You can now see the output from the view by right clicking on the Map viewer and selecting Settings. Then in the Select Channel dropdown find the beam_endpoints and select it. Click Add Channel and then Update to go back to the viewer where you should now see the beam end lines. You can repeat this again and add the beam_lines channel to also view the beam lines.

Hope you can get that working now. I still consider myself a novice with isaac, it can be a steep learning curve with it and there is a lot that is not documented. I have noticed a lot more activity on the forums now, and that’s really good for everyone, so happy I can help.

Hi stephen.amos,
Thank you for the solution,

May I ask you more question.
If I want to use DepthImageFlattening as a second lidar, what I should do?
FlatscanViewer2 seems to be empty.
And sometimes an error is occurring
2020-07-07 15:24:46.331 PANIC engine/alice/components/PoseTree.cpp@84: Cannot set the transformation lidar_2_lattice_T_lidar_2 at time 1.605370


This is my configuration

{
      "source": "main_hardware.interface/subgraph/realsense_flatscan",
      "target": "delivery.interface/subgraph/flatscan_2"
},

{
      "source": "interface/subgraph/flatscan_2",
      "target": "navigation.subgraph/interface/flatscan_2_for_obstacles"
},
{
      "source": "interface/subgraph/flatscan_2",
      "target": "navigation.subgraph/interface/flatscan_2_for_localization"
}
"navigation.localization.global_localization": {
    "GridSearchLocalizer": {
      "tick_period": "250ms",
      "use_second_flatscan": true
    }
},

Hi Max,
Looks like your two flatscan inputs are all setup fine. In isaac 2020 the navigation system was extended to handle 2 lidars, the error you are getting is because normally for each lidar device you would set a pose in the pose tree (you can see the pose tree in sight), the pose lets isaac know how the lidar is oriented and positioned relative to the robots body. The error message is saying that it cannot find this pose for the second lidar, obviously because this is in fact the camera and not a second lidar. What it’s looking for is for you to have a node called lidar_2 and that node to then have a pose in the pose tree between the lidar2 and lidar_2_lattice. The lidar_2_lattice node should have already been generated by the local planner so should be visible in sight. At this point I am guessing a bit more as to how you can fix this, but I would try renaming your realsense_camera node to lidar_2. This may still not work as it depends where in the navigation stack it wires up the lidar_2 to the lidar_2_latice, so you may have to use a PoseInitializer to create this yourself if it’s not being generated.

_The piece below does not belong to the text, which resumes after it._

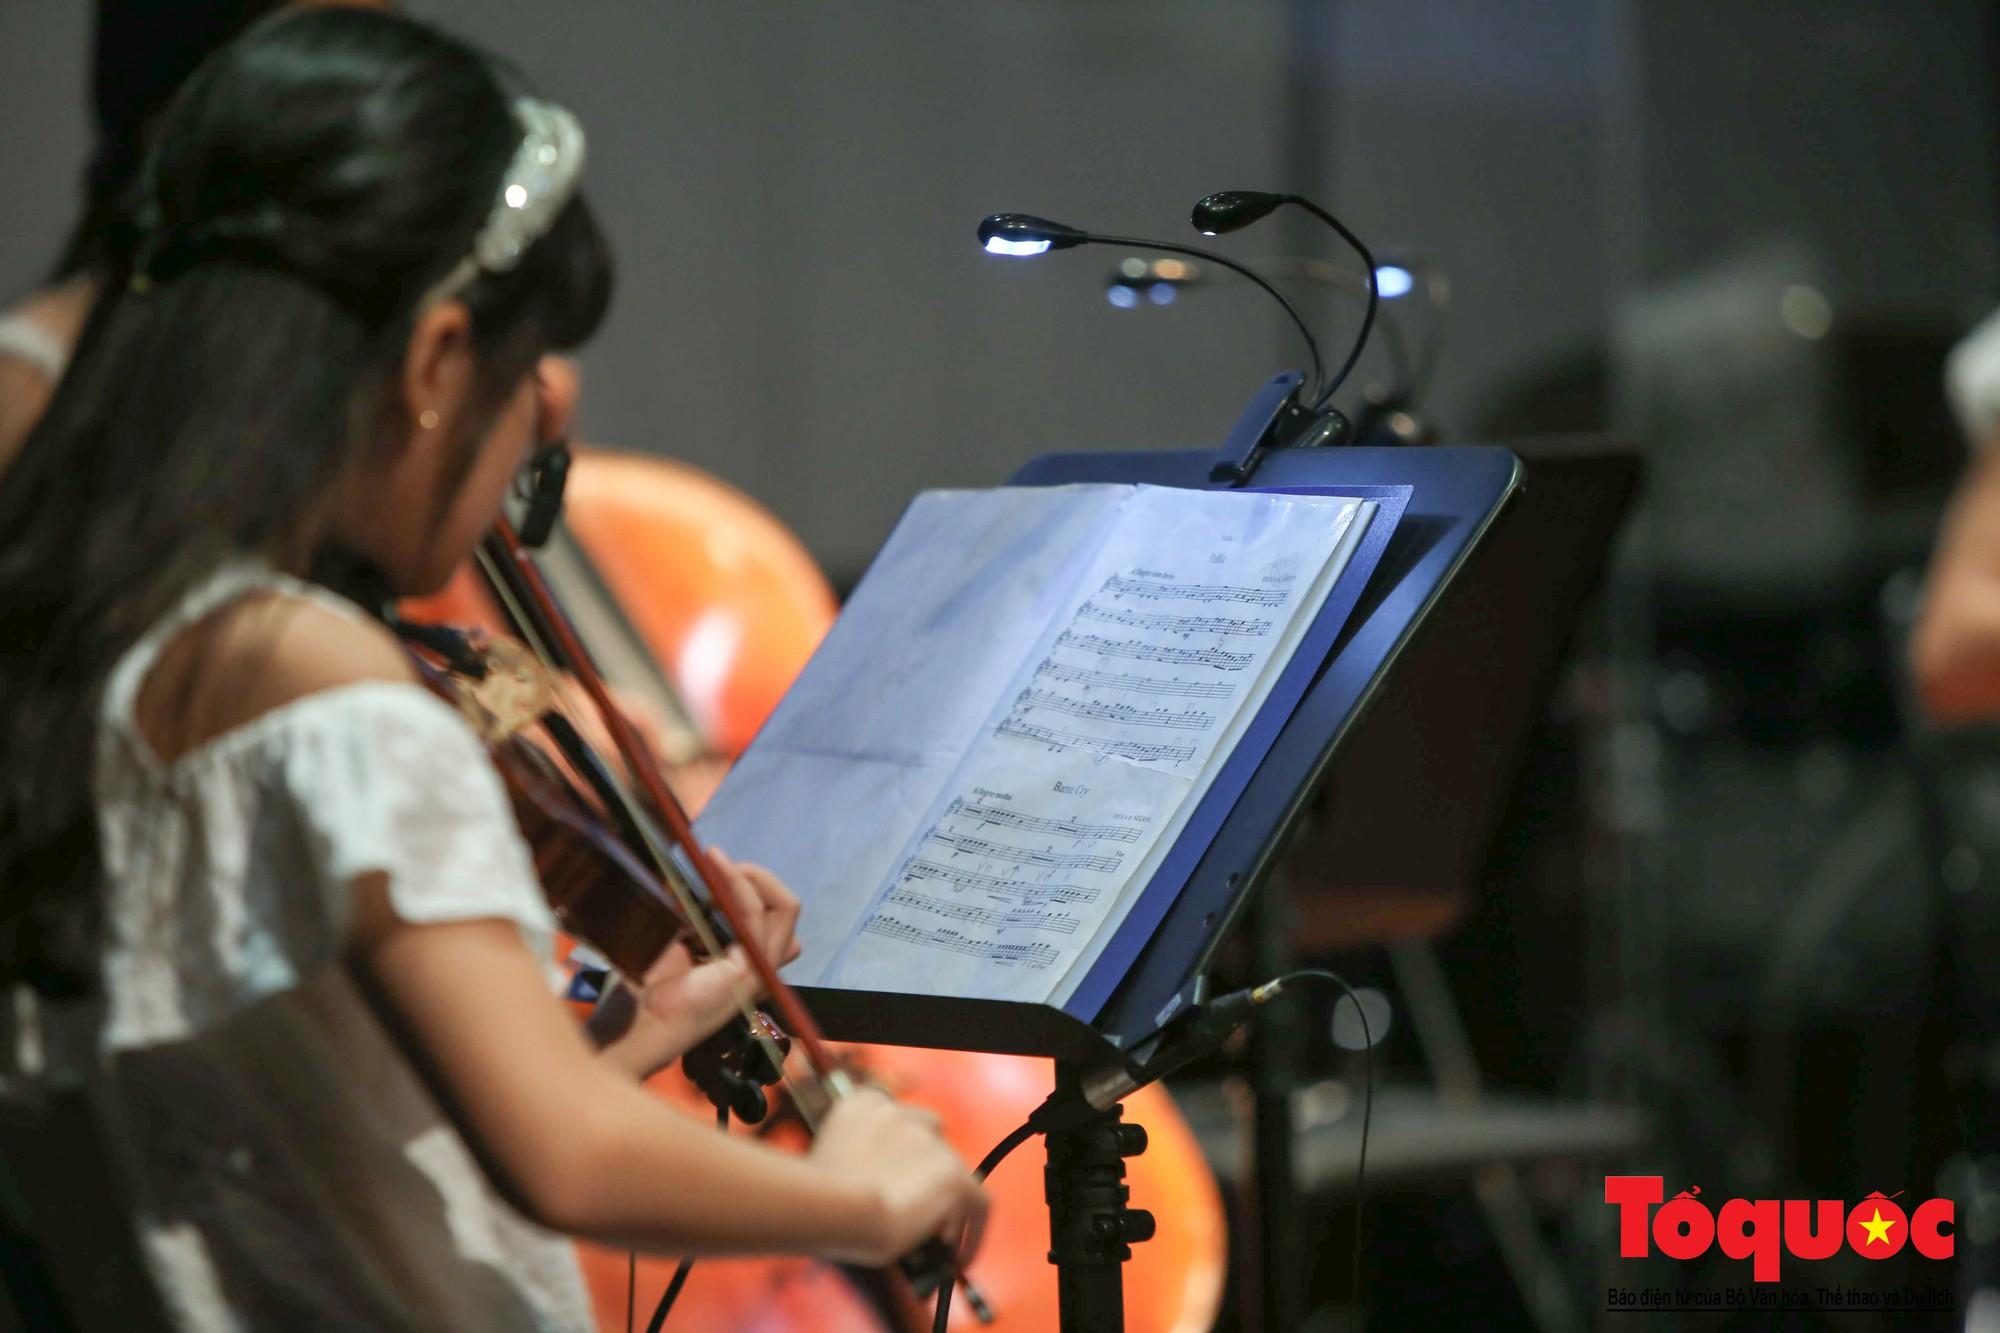 Dàn nhạc giao hưởng nhí đầu tiên của Việt Nam biểu diễn gây quỹ từ thiện (4)

I would say that so far as I understand the way that the navigation stack works, it was probably not originally set-up to cater for your scenario, however I cannot see any reason why it should not be possible to get it to work. I would maybe think about if you actually need to have both inputs for localisation, as this will probably have an impact on performance.

That’s probably as far as I can help with that one, but I hope you can work that out, or someone else can help further.